> **PROMPT**: Look through the entries below and extract exactly the lines from the one containing "Handmade doll unusual" through the one containing "Bețe de nordic", ends included.

> **DATA FOR THIS EXERCISE**:
──────────────────────────────
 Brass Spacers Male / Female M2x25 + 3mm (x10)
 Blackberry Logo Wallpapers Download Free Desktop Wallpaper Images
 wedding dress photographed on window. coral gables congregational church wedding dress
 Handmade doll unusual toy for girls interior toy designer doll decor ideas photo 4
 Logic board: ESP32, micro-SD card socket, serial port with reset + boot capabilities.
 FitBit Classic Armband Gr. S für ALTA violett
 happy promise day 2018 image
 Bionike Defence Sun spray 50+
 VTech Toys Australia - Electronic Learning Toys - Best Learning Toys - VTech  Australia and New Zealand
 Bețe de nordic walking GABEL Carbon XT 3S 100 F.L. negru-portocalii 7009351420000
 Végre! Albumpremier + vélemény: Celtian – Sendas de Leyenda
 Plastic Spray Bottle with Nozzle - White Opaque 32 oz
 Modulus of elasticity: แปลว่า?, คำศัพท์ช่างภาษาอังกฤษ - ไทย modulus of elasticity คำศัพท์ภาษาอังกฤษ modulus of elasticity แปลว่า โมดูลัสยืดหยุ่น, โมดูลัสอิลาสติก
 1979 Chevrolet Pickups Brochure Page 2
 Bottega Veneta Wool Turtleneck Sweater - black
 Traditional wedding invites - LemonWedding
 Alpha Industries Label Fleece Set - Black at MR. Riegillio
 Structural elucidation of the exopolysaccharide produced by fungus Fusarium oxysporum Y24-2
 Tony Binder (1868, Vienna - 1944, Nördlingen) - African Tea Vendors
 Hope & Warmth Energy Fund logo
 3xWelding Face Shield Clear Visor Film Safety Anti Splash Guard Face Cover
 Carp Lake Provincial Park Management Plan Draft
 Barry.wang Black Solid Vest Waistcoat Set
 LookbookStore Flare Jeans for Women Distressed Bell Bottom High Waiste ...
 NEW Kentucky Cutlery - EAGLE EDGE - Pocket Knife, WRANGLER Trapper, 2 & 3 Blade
──────────────────────────────
> **EXERCISE RESPONSE**:
 Handmade doll unusual toy for girls interior toy designer doll decor ideas photo 4
 Logic board: ESP32, micro-SD card socket, serial port with reset + boot capabilities.
 FitBit Classic Armband Gr. S für ALTA violett
 happy promise day 2018 image
 Bionike Defence Sun spray 50+
 VTech Toys Australia - Electronic Learning Toys - Best Learning Toys - VTech  Australia and New Zealand
 Bețe de nordic walking GABEL Carbon XT 3S 100 F.L. negru-portocalii 7009351420000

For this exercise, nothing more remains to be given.